Photo of David Hawking, Invited Speaker at SPIRE 2008

Dr. David Hawking is chief scientist at the internet and enterprise search company Funnelback Pty Ltd, a CSIRO spinoff based in Canberra, Australia. Funnelback search technology has won a number of awards and now supports around 100 customers in Australia, Britain and Canada, mostly in government, education, finance and careers.

David is also an adjunct professor at the Australian National University and supervises PhD students at ANU and the University of Sydney. He is an author of around 50 refereed publications and was a coordinator of the Web track at the international Text Retrieval Conference (TREC) from 1997-2004. In this role he was responsible for the creation and distribution of text retrieval benchmark collections now in use at over 120 research organisations worldwide. He was a program chair of the ACM SIGIR conference in 2003 and 2006.

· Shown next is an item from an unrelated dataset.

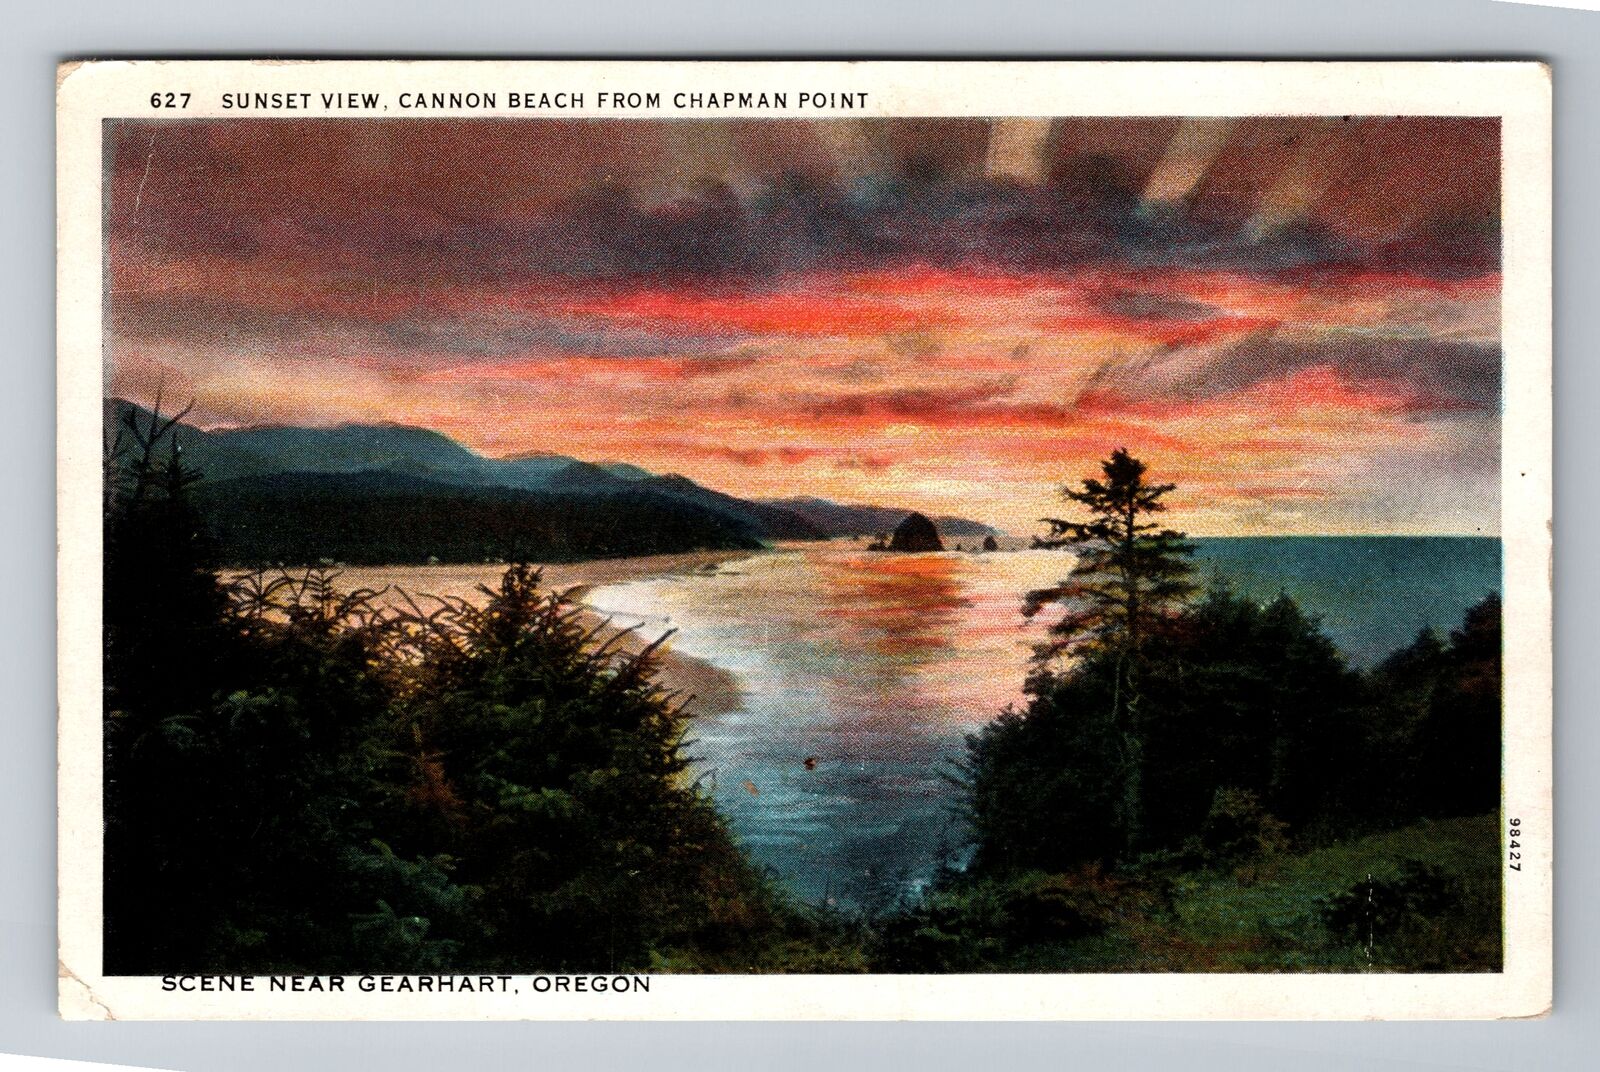 Gearhart OR-Oregon, Sunset View, Cannon Beach, Chapman Point, Vintage Postcard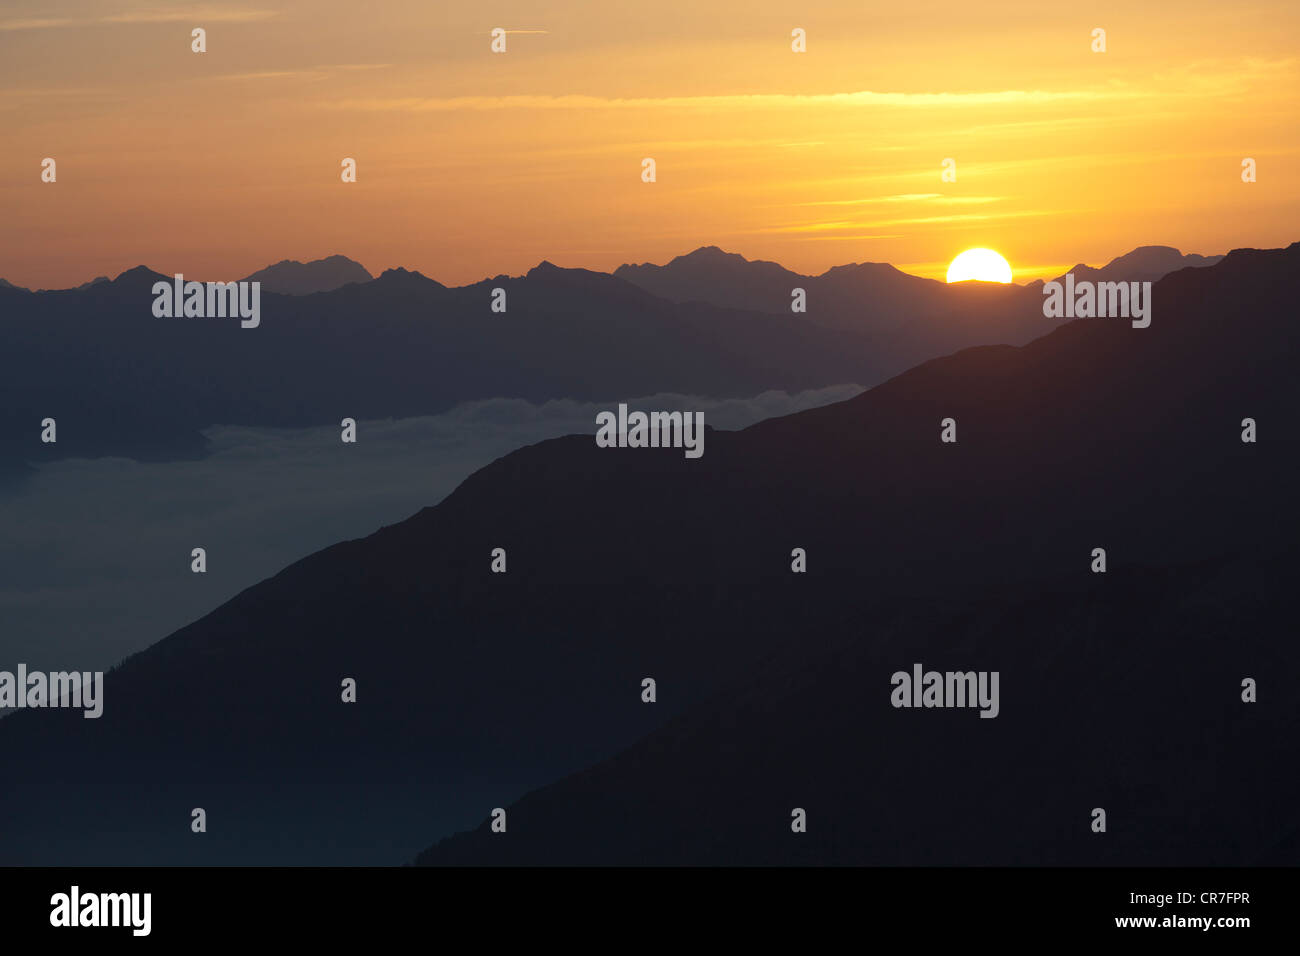 Sunrise over the Venosta Valley, South Tyrol, Italy. The view from the Stelvio Pass with the Dolomites on the horizon Stock Photo

In 2003 he was awarded an honorary doctorate from the University of Neuchâtel in Switzerland for his contributions to the objective evaluation of search quality. He won the Chris Wallace award for contribution to computer science research in Australasia, for the years 2001-2003.

In his spare time he decodes obscure file formats, programs in PostScript, procrastinates over home maintenance and plays netball and Ultimate.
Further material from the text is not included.